В один из осенних вечеров Павел подышал на оконное стекло и написал на нем несколько букв. Никита Иванович, наблюдавший за великим князем издали, быстро подошел, желая прочесть. Однако мальчик, услышав за спиной шаги, ладонью провел по стеклу.
— Что вы писали, государь? — спросил Панин. — Не иначе — какое-то имя, и притом уменьшительное — букв не много.
— А вот и нет, не уменьшительное, — возразил Павел.
После такого сообщения угадать имя не стоило большого труда — имя младшей Чоглоковой, Веры, было не длиннее любого уменьшительного. Но Панин хотел услышать ответ воспитанника.
— В кого вы нынче влюблены, ваше высочество?
Прямо поставленный вопрос польстил мальчику, и, хоть не сразу, он ответил обер-гофмейстеру так:
— Да, ваша правда, влюблен. А в кого — тайна.
— Откройтесь же мне, ваше высочество! — попросил Панин. — Не откроюсь. Тайну эту, как и все мои тайны, знает только Семен Андреевич Порошин. И я ему слово дал, что больше никому не скажу.
Панин поморщился:
— Какая же у вас тайна, ежели Порошин знает, за ним еще кто-нибудь… Окажите поверенность и мне, вашему гофмейстеру!
— Нет, — ответил великий князь. И этот отказ был поставлен в счет Порошину.
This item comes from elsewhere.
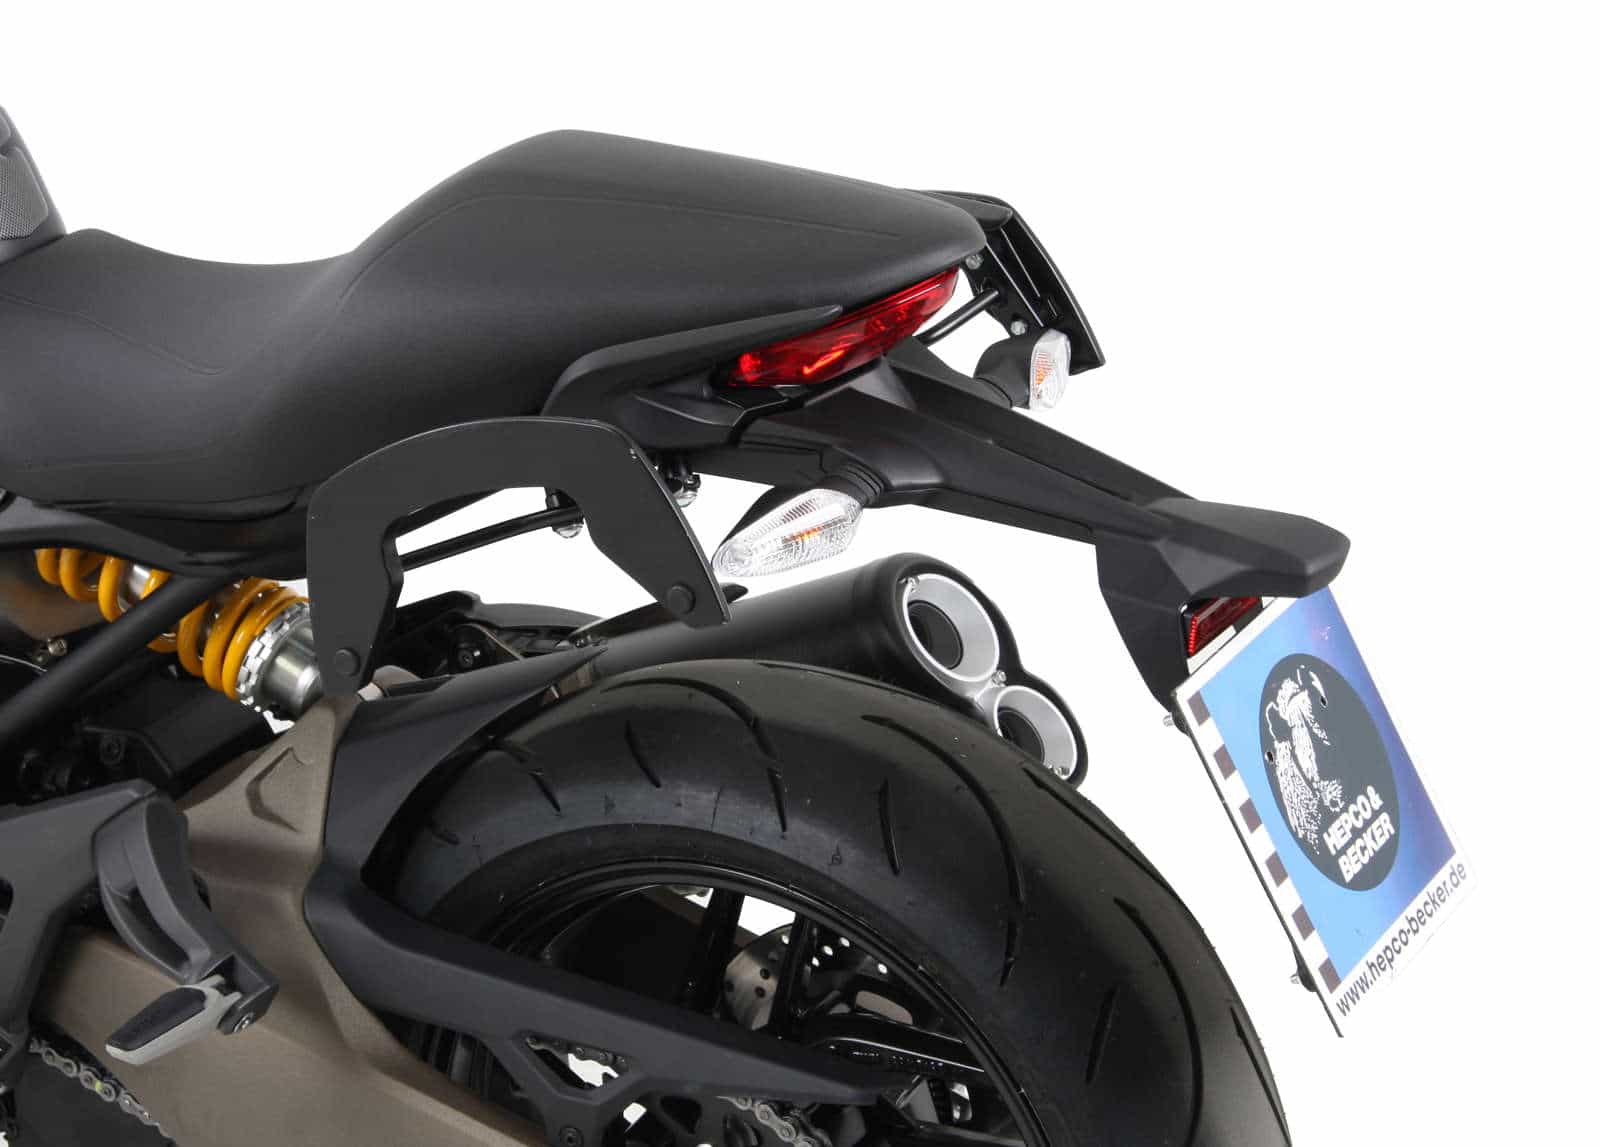 C-Bow sidecarrier for Ducati Monster 821 (2014-2017)

А что было с преподаванием геометрии, если понимать вещи как следует? Великий князь вдруг объявил Порошину, что отныне геометрии будет учить его профессор Эпинус, член Петербургской академии наук. Это было тем более неожиданно, что Никита Иванович давно уже поручил Порошину пройти все разделы математики, связанные с военным искусством. Откуда теперь взялся Эпинус?
Не сразу Порошин сумел добиться разговора с Никитой Ивановичем. Тот будто бы запамятовал о своем намерении доверить Порошину весь математический курс, поскольку на нем основано военное дело, но затем вспомнил об этом и заверил Порошина, что такого курса отнюдь у него не отнимает. Эпинус будто бы понял совсем не то, что ему говорили. Панин собирался — и то не сейчас, а по прошествии некоторого времени — поручить Эпинусу подать великому князю понятие о предлагаемых в университетском обучении частях математики, об алгебре и об астрономии.
Но Эпинус имел свои планы и хотел было отнять у Порошина его уроки геометрии.
Он поехал к Эпинусу, часа два толковал с ним по-немецки и по-русски и сохранил за собой геометрию, а далее фортификацию, артиллерию и генеральные правила о тактике, на каковые, впрочем, профессор не претендовал. У него остались физика и алгебра…
«А сколько нам удалось прочитать! — продолжал вспоминать Порошин. — И какой это был внимательный слушатель! Мы прочли оды и слова Ломоносова, трагедии и статьи Сумарокова, пьесы Лукина, биографии Плутарха, сатиры Буало, „Жития славных государей и великих полководцев“ Шофина, „Письма к молодому принцу“ Тессина, „Древнюю историю“ Ролленя, „Генриаду“ Вольтера и его историю Петра Первого, „Жиль Блаза“, „Робинзона Крузо“… Рассказывал я о книгах Томаса Мора, Монтескьё, Гельвеция, Фонтенеля…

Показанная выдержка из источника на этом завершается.